Is Muscle Legends or Super Power Fighting Simulator more popular in 2026?

Muscle Legends leads with over 2.2 billion all-time visits compared to Super Power Fighting Simulator's 1 billion+. Muscle Legends also tends to have higher concurrent player counts on most days, though both games maintain healthy active communities.

Which game has a better rebirth system?

Both games feature rebirth mechanics, but Super Power Fighting Simulator offers a more layered experience with multiple stat categories (body, fists, mind, speed) that each carry through rebirths differently. Muscle Legends keeps it simpler with strength and agility as the primary stats, which some players prefer for its straightforward progression.

Can you play Muscle Legends and Super Power Fighting Simulator for free?

Yes, both games are completely free to play on Roblox. Game passes and in-game purchases exist in both titles but are optional. You can reach endgame content in either game without spending Robux, though it will take longer without boosts.

Which game has better PvP combat?

Super Power Fighting Simulator generally offers more varied PvP thanks to its diverse power sets and abilities. Muscle Legends PvP is more straightforward and stat-based.

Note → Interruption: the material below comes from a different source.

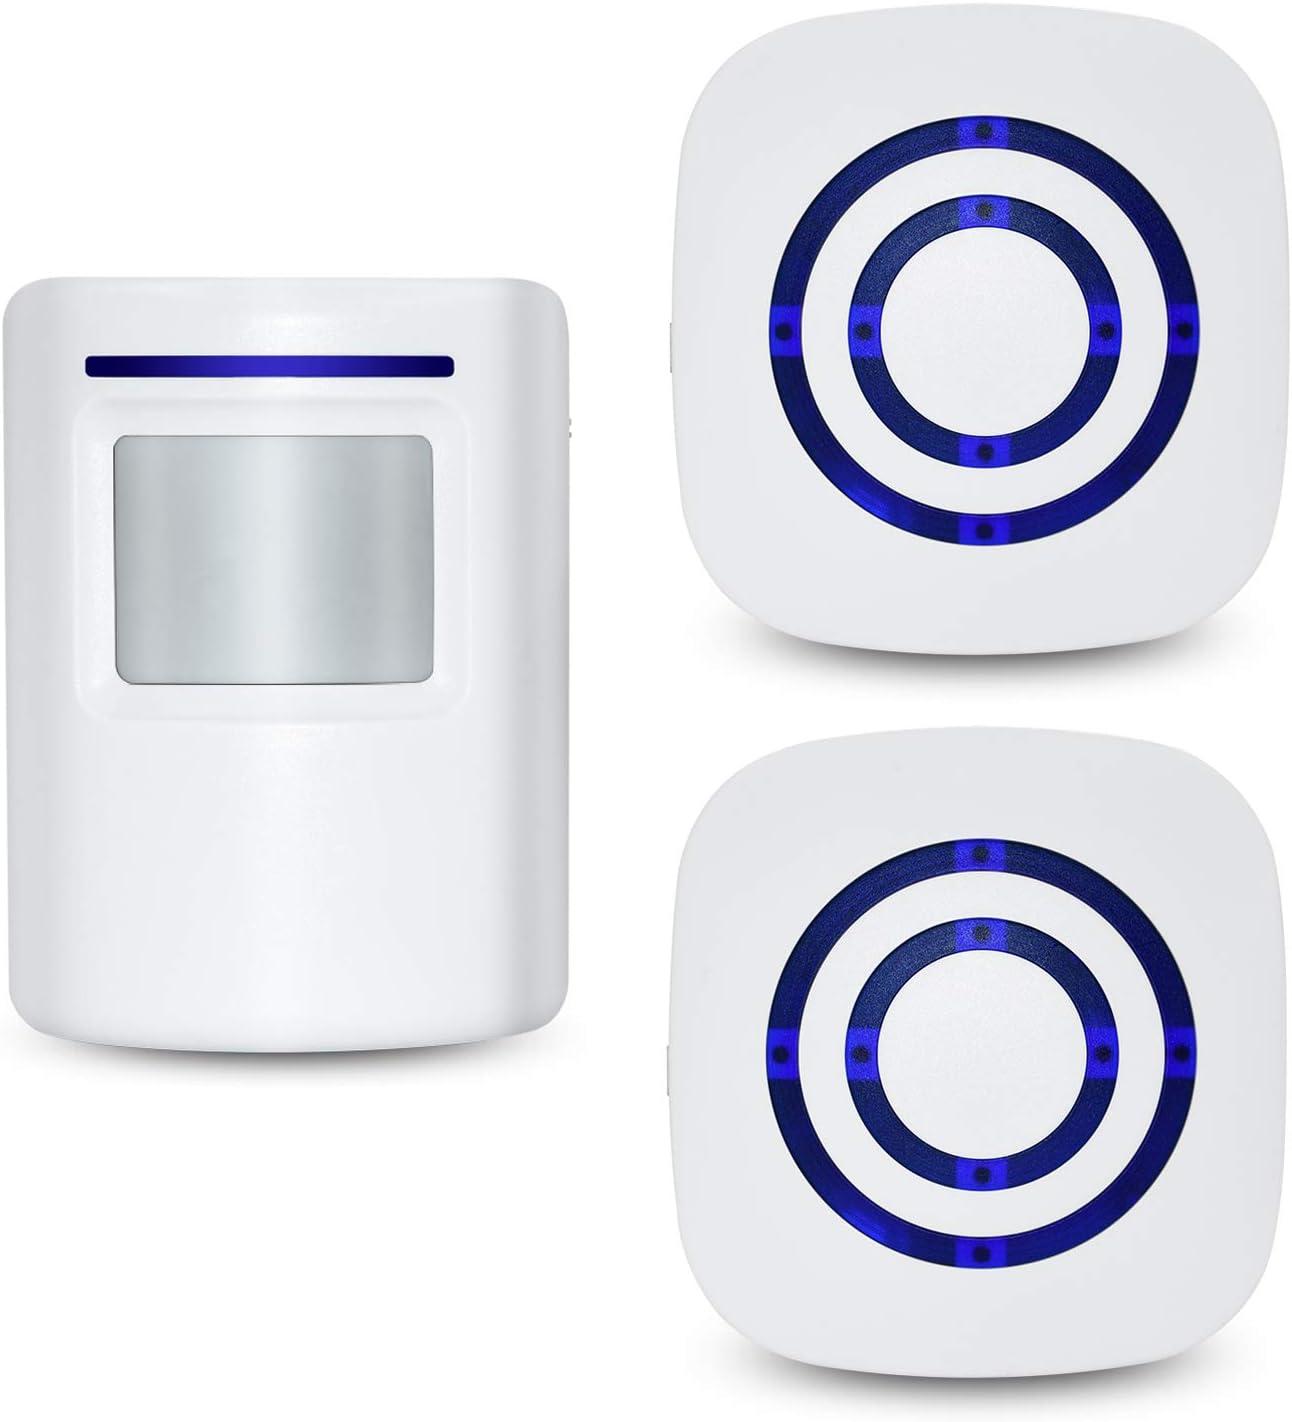 Tengcong Door Chime,Wireless Business Door Motion Sensor Detector Smart Visitor doorbell Home Security Driveway Alarm with 1 Sensor and 2 Receiver,38 Chime Tunes - LED Indicators (1 Sensor + 2 Receiv)

If you want ability-driven combat with flashy moves, Super Power Fighting Simulator is the stronger pick. If you prefer raw stat-based brawling, Muscle Legends delivers.

Are game passes worth buying in either game?

Both games offer similar game pass structures. Muscle Legends VIP costs around 199 Robux, while Super Power Fighting Simulator VIP is around 249 Robux. The 2x multiplier passes in both games dramatically speed up progression and are generally considered the best value if you plan to play long-term.

Which game is better for beginners?

Muscle Legends is slightly more beginner-friendly thanks to its simpler two-stat system (strength and agility) and clear gym progression. Super Power Fighting Simulator has four main stats plus a powers system, which can feel overwhelming at first. However, both games include tutorials and the core loop is easy to grasp within a few minutes.